§ **PROVIDED MATERIAL**
=== Section Start ===
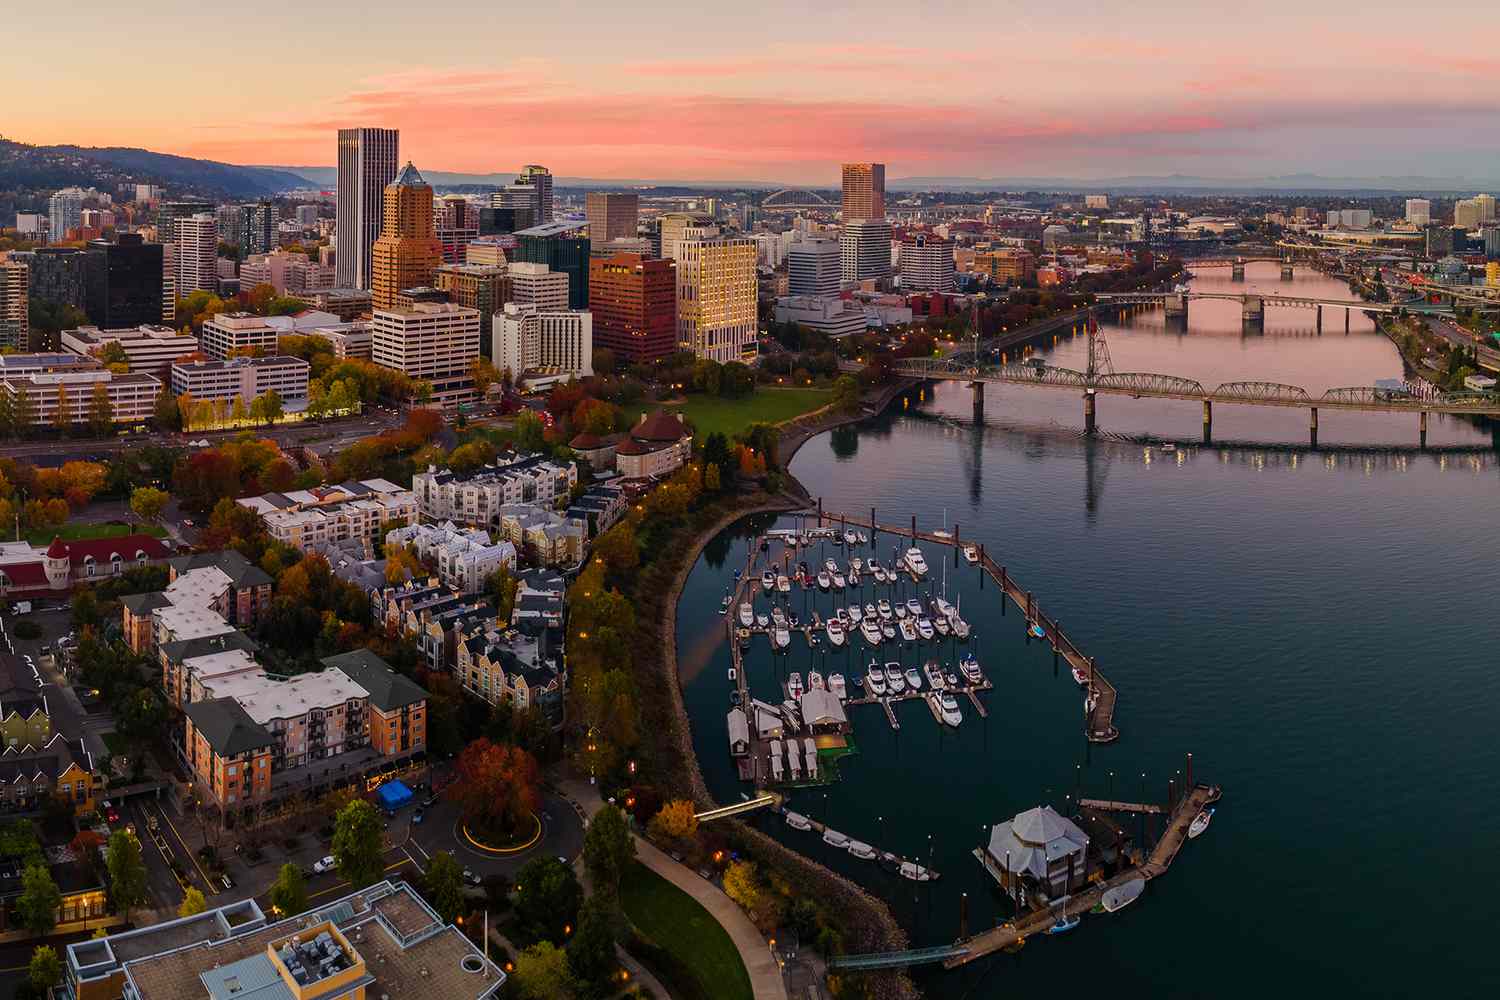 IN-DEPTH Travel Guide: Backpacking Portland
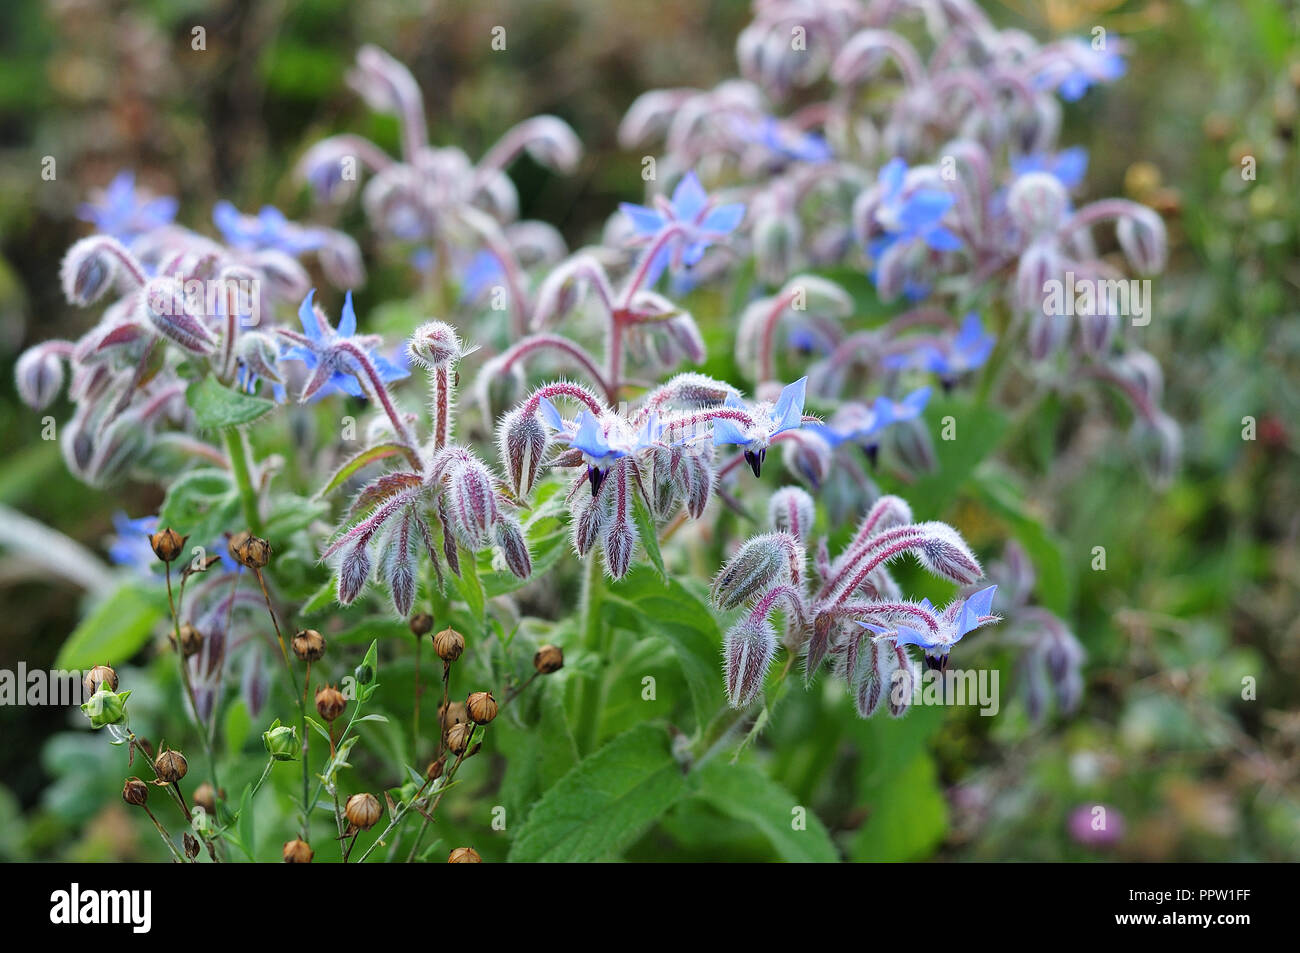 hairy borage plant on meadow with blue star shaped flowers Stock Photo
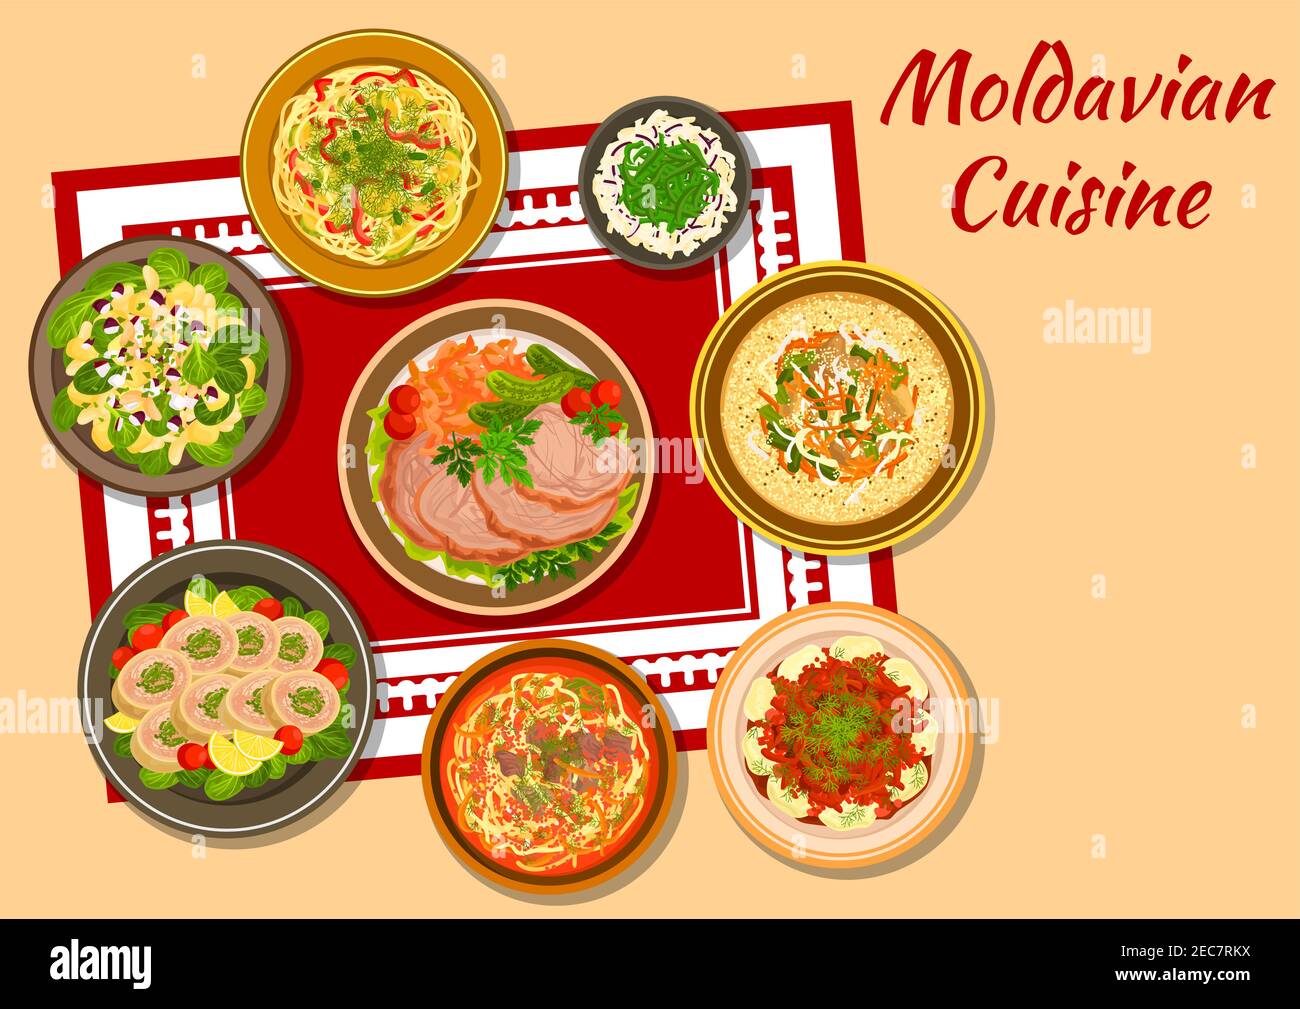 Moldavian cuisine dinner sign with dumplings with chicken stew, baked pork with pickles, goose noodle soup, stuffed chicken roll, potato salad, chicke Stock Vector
=== Section End ===
§ **TASK STATEMENT**
The whole listing should be restated word for word, with no pictures.

§ **SOLUTION FOR THIS TASK**
 IN-DEPTH Travel Guide: Backpacking Portland
 hairy borage plant on meadow with blue star shaped flowers Stock Photo
 Moldavian cuisine dinner sign with dumplings with chicken stew, baked pork with pickles, goose noodle soup, stuffed chicken roll, potato salad, chicke Stock Vector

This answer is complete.